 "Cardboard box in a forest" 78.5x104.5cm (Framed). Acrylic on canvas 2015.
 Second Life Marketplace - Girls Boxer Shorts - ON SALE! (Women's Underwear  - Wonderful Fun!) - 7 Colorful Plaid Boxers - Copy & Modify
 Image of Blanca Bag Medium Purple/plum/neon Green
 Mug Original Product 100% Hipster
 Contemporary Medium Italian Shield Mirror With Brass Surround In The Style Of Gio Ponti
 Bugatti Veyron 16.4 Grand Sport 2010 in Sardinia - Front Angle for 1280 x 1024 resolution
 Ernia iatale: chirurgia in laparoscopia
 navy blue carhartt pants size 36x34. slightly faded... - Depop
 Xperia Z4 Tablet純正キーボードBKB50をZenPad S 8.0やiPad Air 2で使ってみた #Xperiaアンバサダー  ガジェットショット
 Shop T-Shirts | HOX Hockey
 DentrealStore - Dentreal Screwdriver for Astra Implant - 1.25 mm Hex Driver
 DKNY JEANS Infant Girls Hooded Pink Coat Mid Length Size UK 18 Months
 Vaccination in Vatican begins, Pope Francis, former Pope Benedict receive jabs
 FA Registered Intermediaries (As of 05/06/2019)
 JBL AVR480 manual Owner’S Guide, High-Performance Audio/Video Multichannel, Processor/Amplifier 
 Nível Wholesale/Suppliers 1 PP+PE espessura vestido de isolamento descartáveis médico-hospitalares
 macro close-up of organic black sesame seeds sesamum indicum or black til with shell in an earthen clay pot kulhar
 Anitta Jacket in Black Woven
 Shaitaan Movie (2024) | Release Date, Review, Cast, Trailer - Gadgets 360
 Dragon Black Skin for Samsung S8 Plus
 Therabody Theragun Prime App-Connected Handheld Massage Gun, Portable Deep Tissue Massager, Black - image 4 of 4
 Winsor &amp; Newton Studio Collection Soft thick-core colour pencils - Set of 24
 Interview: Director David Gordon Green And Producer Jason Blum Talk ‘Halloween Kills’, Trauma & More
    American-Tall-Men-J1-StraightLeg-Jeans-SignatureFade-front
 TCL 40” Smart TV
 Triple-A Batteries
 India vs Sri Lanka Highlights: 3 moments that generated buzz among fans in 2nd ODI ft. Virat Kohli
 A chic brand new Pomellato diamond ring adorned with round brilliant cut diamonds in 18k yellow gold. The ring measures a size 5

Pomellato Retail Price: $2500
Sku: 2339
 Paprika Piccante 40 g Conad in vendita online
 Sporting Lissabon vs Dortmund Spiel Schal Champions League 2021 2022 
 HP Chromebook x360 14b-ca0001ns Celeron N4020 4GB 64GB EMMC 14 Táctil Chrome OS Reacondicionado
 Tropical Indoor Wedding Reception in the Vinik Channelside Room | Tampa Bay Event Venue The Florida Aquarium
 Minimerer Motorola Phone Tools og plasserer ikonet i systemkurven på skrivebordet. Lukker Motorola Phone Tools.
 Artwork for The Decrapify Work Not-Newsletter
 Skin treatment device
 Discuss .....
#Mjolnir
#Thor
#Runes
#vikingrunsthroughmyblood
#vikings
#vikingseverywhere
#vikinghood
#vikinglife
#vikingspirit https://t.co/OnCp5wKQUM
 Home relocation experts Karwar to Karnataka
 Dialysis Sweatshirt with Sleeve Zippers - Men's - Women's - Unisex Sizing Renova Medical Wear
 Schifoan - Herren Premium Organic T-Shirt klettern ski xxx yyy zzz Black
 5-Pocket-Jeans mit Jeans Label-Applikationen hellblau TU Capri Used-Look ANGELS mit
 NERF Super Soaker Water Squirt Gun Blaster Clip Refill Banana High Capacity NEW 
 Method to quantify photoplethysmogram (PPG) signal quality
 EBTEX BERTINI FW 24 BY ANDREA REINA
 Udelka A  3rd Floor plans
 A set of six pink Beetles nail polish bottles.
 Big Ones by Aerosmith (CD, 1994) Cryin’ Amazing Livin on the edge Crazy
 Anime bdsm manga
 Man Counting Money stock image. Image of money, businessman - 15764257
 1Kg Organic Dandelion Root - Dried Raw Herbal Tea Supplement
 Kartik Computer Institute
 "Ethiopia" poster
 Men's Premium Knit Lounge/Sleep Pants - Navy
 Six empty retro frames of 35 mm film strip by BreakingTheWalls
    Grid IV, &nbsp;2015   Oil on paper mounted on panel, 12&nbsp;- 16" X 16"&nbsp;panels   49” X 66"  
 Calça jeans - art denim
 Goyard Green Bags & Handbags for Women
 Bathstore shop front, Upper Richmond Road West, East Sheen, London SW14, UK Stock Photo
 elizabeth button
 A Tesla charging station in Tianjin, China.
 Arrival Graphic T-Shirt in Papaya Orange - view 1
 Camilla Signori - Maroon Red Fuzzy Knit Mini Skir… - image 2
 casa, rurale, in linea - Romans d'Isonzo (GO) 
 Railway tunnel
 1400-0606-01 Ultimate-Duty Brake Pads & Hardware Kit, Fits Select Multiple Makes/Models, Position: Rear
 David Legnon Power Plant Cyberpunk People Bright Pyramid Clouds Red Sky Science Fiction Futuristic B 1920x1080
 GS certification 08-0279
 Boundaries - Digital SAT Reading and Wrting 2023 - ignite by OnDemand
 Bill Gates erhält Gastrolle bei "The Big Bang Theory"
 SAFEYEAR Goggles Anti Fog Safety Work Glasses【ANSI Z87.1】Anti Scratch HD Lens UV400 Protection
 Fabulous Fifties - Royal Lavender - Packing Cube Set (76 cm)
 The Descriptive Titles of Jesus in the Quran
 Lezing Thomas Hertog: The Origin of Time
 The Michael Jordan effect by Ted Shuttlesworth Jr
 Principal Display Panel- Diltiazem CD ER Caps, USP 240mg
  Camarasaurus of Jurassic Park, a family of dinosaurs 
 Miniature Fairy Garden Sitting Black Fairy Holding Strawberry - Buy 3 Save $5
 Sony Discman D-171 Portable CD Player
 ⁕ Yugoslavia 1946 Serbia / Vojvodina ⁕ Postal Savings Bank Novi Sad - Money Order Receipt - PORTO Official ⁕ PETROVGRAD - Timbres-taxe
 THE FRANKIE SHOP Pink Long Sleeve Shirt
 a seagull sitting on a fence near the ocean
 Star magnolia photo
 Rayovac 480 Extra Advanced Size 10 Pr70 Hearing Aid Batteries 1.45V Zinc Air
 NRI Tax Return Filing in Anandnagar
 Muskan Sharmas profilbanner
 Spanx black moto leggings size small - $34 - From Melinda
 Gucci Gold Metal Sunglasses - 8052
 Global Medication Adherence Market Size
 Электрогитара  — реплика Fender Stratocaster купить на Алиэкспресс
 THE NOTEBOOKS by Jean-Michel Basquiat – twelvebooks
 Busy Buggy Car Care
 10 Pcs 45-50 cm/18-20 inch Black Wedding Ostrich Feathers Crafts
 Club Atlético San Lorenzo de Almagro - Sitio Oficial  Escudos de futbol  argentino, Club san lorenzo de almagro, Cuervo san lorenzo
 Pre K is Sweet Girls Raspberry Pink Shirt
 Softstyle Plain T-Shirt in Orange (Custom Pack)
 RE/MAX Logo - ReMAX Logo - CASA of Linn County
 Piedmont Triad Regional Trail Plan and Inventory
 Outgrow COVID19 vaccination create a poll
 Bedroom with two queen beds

####################

## TASK TO CARRY OUT
From the material above, set down exactly the lines between the line holding "Star magnolia photo" and the line holding "Gucci Gold Metal Sunglasses - 8052", inclusive. Include nothing else.

## SOLUTION
 Star magnolia photo
 Rayovac 480 Extra Advanced Size 10 Pr70 Hearing Aid Batteries 1.45V Zinc Air
 NRI Tax Return Filing in Anandnagar
 Muskan Sharmas profilbanner
 Spanx black moto leggings size small - $34 - From Melinda
 Gucci Gold Metal Sunglasses - 8052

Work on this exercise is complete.